NEW YORK (Commodity Online): Sovereign debt fears, US financial crisis and consequent recessionary trends have caused crude oil prices to crash in the past few weeks.WTI crude for September has fallen 9.2% on week to $86.88 while Brent Crude has fallen 6.2% to $109.37. This has created concerns about a repeat of 2008 when Oil prices crash from $147 levels to below $70 in a short span of time.
Barclays Capital in an analysis points out five factors that could make a repeat of 2008 impossible in the present scenario.
1) Libyan supplies are unexpected to return to world market in 2011: Considering the civil war and political tensions which means that 1.5 mn barrels per day would be out of supply from the market for a longer time.
As of today, the cumulative loss of Libyan output since the start of the civil war amounts to 233 mb, nearly four times the amount released by the IEA and almost a third of the total size of the US Strategic Petroleum Reserve. The absence of Libya has allowed Saudi Arabia to move its output above 9.5 mb/d and to eye 10 mb/d, without to date having to run any risk of oversupplying the market.
2) OPEC may not sell below breakeven: In 2008 when prices crashed to below $70 there was a strong compulsion on the part of OPEC to allow price to go below breakeven levels to kick start demand in consuming economies as they slid into recession. The present underlying issue for recessionary trends is caused by sovereign debt while Saudi Arabia and much of OPEC member nations. Barclays Capital said that it is very unlikely that Saudi Arabia will feel the need to sacrifice revenues to sell below breakeven levels.

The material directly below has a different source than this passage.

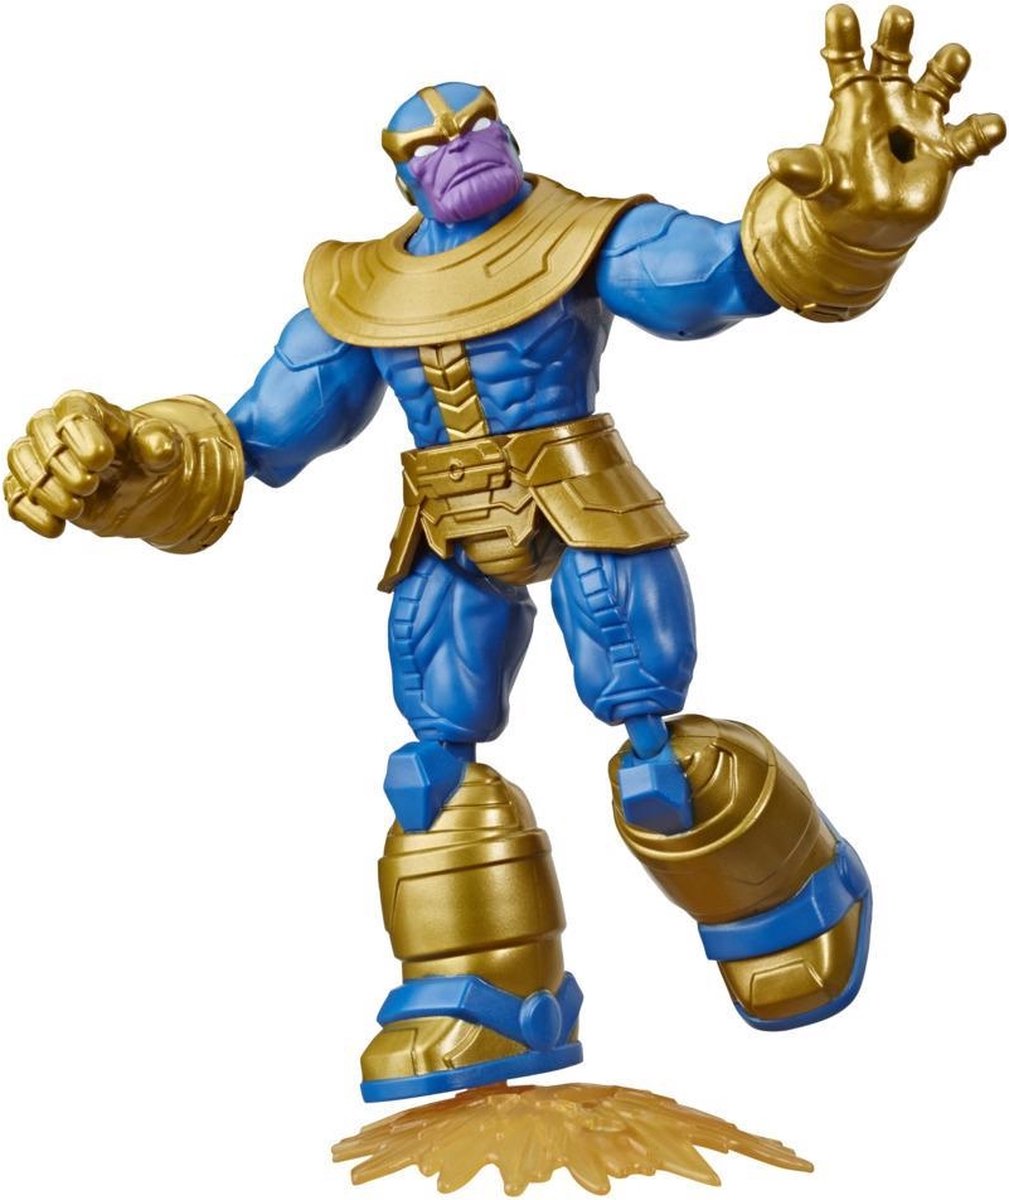 Marvel Avengers Bend and Flex Thanos  - Speelfiguur 15cm - Marvel
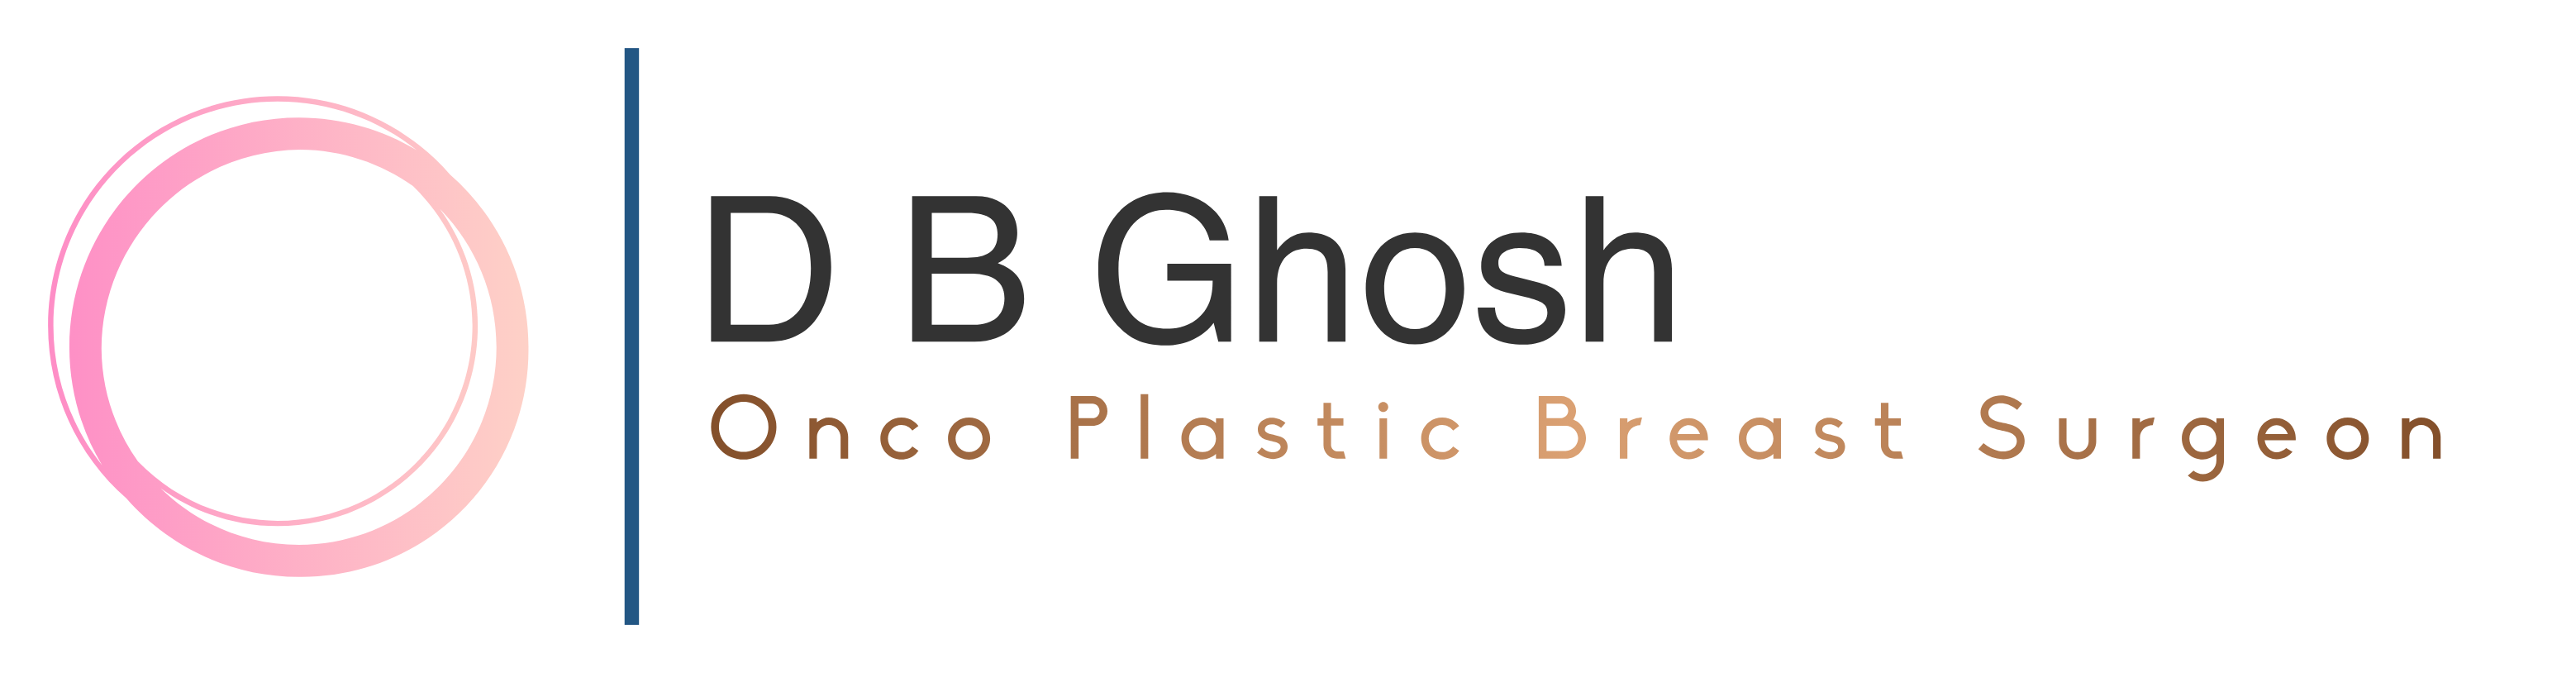 D.B Ghosh logo

3) No major demand crash expected: Barclays Capital points out there was a massive fall in US oil demand in 2008 September at 2.56 mn b/d on year-on-year basis and OECD oil demand fell 3.9 mn b/d in November 2008. In 2011 there are no projections or expectations of any falls in demand of that severity or anywhere close. Yes, US oil demand has weakened , but the damage has been contained to falls of 0.5 mb/d, not 2.5 mb/d. Considering demand for the main oil products,
4) Call on OPEC still rising: Even after a fairly sharp paring in estimates of oil demand growth, we are still forecasting a call on OPEC crude and inventories of 30.3 mb/d in Q3 and 30.5 mb/d in Q4). OPEC crude output in Q2 amounted to just 29.5 mb/d. In other words, we could cut our H2 demand estimates by a further 1 mb/d before OPEC even needed to cut anything if it wished to avoid an overall inventory build. To justify the scale of cut that OPEC made in 2008/9, H2 demand would have to be lower than the current forecast by 4 mb/d. The macroeconomic concern at the moment is of frustratingly low growth and more austerity, but not yet the sort of economic implosion that could produce a 4 mb/d fall in oil demand across all of H2. The call on OPEC in H2 that is larger than OPEC output in Q2. While another round of monthly reports due in the next week is likely to cut that gap, we doubt that it will remove it completely, particularly in the case of the IEA projections. We expect that the IEA will still think that OPEC should be adding oil the market, precisely at the time when OPEC thinks it should be taking oil away. That combination seems unlikely to be associated with any price collapse that could be sustained. In short, current fundamentals appear to be a far cry from those that drove the 2008/9 cycle, Barclays Capital said in the analysis.
5)The cycle repeats itself: During downswings below breakeven levels renewable economics and also oil sand economics began to break, and the whoe supply-side reaction led much of the market to conclude that $100 per barrel for the back of the curve was now the new normal, and below that would represent low prices. The oil industry’s ability to cope with lower prices without damaging future supply is limited On the demand side, lower prices fed into a sharp global demand upswing, leading to the fastest demand growth for 30 years, with demand growth in 2010 running at least twice as fast, and perhaps three times as fast, as the maximum the supply side could cope with into the medium term, Barclays Capital noted.
Spare capacity of 6.5 mb/d quickly became spare capacity of just 2.5 mb/d. The lesson of the last cycle is that the further prices are forced below $90 and the longer they stay there, the faster the market tightens in the upswing. During that last downswing we wrote that we did not believe prices could be sustained into the medium term below $90. In the final analysis we believe that proved to be correct, prices could move below $90 but they could not be sustained below that level. Since then, cost inflation has returned and, as noted above, producer aspirations have moved upwards by some $20. We thus feel even more confident this time to reiterate that 2008 view that prices are not sustainable below $90 per barrel because of the associated damage to supply and the stoking up of demand that prices below that level represent. Indeed, in this particular aspect we suspect that $100 for Brent is probably the new $90 in terms of what is a sustainable price, Barclays Capital report said.